The fear has also complicated the fate of the city’s proposed master plan, the much-anticipated document that will guide the city’s post-storm redevelopment for the next two decades. In November, a citywide vote was required to give the plan the force of law.

The measure passed, but narrowly, after black voters rallied in opposition. They argued that a draft of the plan had not been written yet – and feared that it might be used to sneak in back-door limits on development that could slowly and subtly kill off struggling black neighborhoods.

“There are issues in terms of whether the shrinking city will take place by a declared policy, or an informal policy of neglect,” said Ron Nabonne, a local attorney and political consultant who helped lead opposition. “I have family who owns homes in these low-lying areas. It’s a very emotional issue.”

A draft of the master plan was released in March; it promised to address “the needs and aspirations of every resident in every corner of New Orleans.”

However, some black leaders are supporting state legislation, approved by a Senate committee Thursday, that would allow residents to vote again on whether a final draft should be implemented.

The Senate bill was introduced by Sen. Ed Murray, a Democrat and black legislator who has announced his intention to run for mayor in 2010. He said the government never offered an equitable buyout program that would allow residents to move out of vulnerable neighborhoods, in many cases leaving them no choice but to move back.

“People were encouraged to come back, and people have done that,” he said. “You can’t now say that we’re not going to have city services in those areas.”
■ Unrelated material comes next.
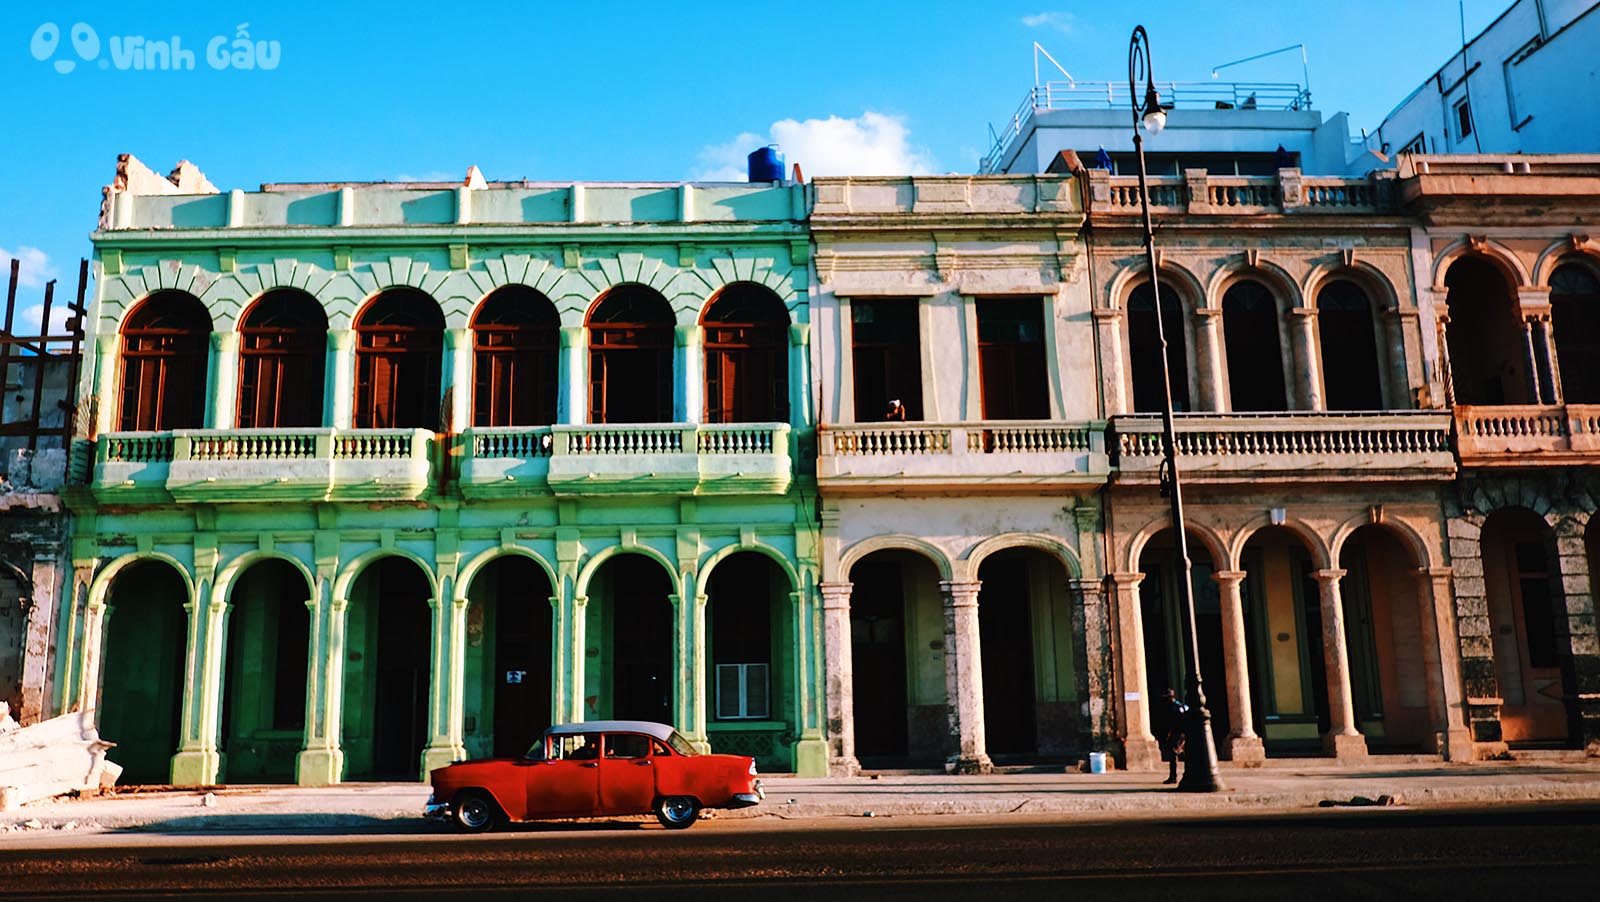 Du Lịch Cuba tự túc - Những đặc trưng của Cuba

Maggie Merrill, policy director for Mayor C. Ray Nagin, said the city has been committed to an equitable recovery plan. The problem, she said, is that the damage to infrastructure was the most serious in the most severely flooded areas and has therefore taken longer to fix.
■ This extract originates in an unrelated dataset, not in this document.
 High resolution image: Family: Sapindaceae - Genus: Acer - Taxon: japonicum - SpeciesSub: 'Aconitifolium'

In the early stages of recovery, the idea of shrinking the city’s footprint was most prominently espoused by the nonprofit Urban Land Institute, which was hired to advise the citizen-led Bring New Orleans Back Commission appointed by Nagin. The proposal sparked passionate outcries from displaced residents and their allies.

Dismantling neighborhoods, they argued, was a violation of human rights, perhaps an attempt at ethnic cleansing. A former City Council president said the concept was tantamount to “not honoring the dead.”
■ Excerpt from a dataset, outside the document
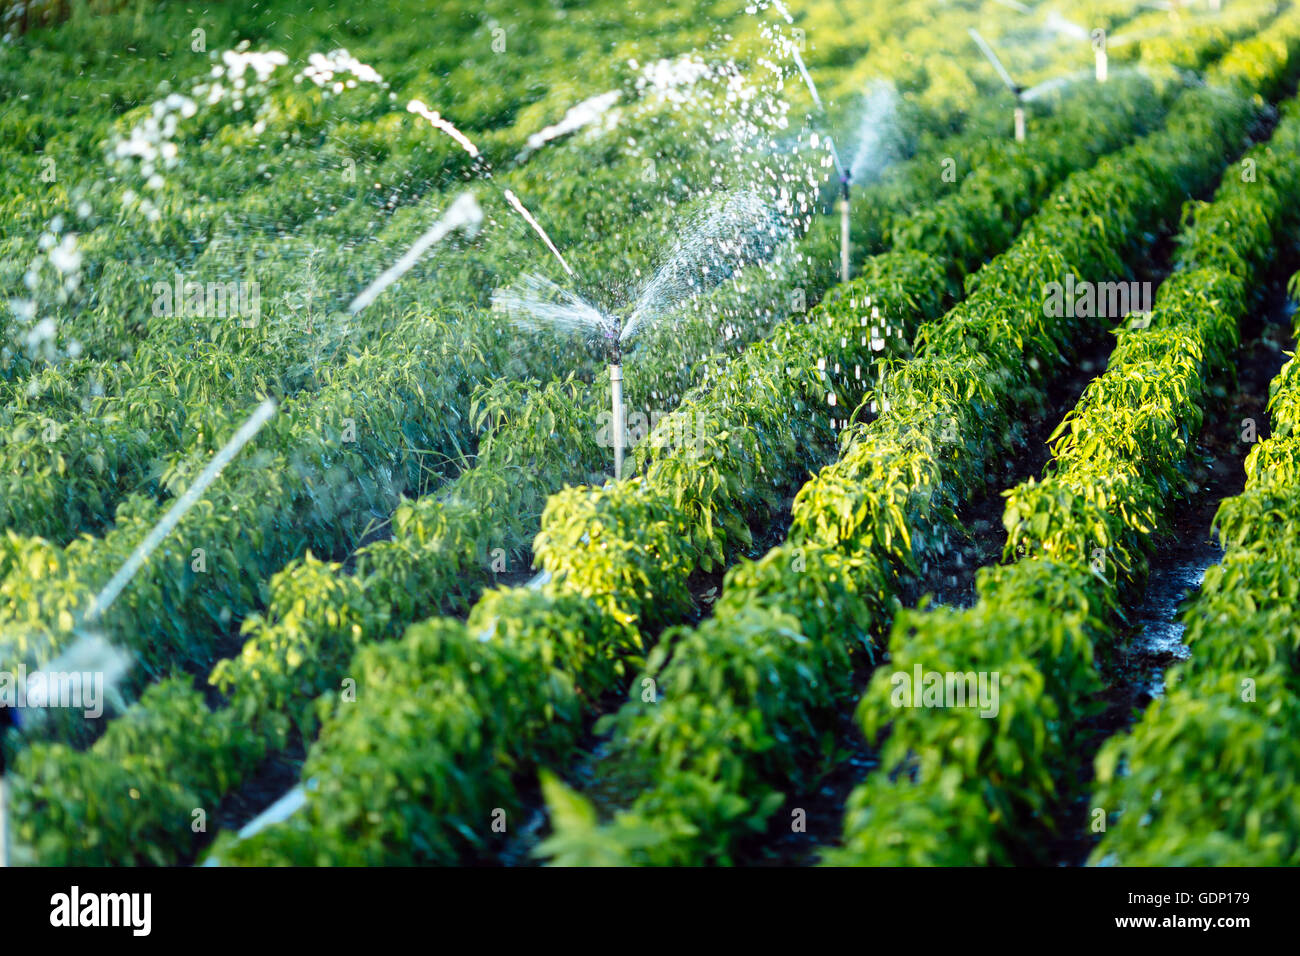 Impianto di irrigazione in funzione di irrigazione di piante agricole Foto Stock

Under this blistering pressure, Nagin and the city government allowed Katrina’s exiles to return and more or less rebuild wherever they wished. Since then, New Orleans has grown to an estimated 336,000 residents – about three-quarters of the pre-storm count.

Badly damaged areas like New Orleans East and the Lower Ninth Ward have only been partially repopulated.

Since 2000, the percentage of whites in the city has increased about 4 percent, to 30.7 percent. The percentage of blacks has fallen from 66.7 percent to 60.7 percent, according to the Greater New Orleans Community Data Center.

The shrunken footprint concept has been largely abandoned by the city’s political class: No member of the City Council, black or white, publicly supports it.

The acceptance of the pre-storm status quo was evident in April when the National Academy of Engineers released a report recommending the relocation of vulnerable neighborhoods. In some quarters, it was received as more of an annoyance than a dire warning.

The report warned that vulnerable areas could never be fully protected by levees and flood walls, which are being strengthened by the U.S. Army Corps of Engineers. Rebuilding in those areas, the scientists wrote, would position the city for “additional Katrina-like disasters.”

But poll numbers released around the same time demonstrated that the issue is far from settled among everyday New Orleanians.

The poll of voters by Tulane University and the nonprofit Democracy Corps found that 64 percent of white respondents agreed that “some areas of New Orleans destroyed by Hurricane Katrina should not be rebuilt as residential areas again.”

Of blacks polled, 74 percent disagreed with the statement.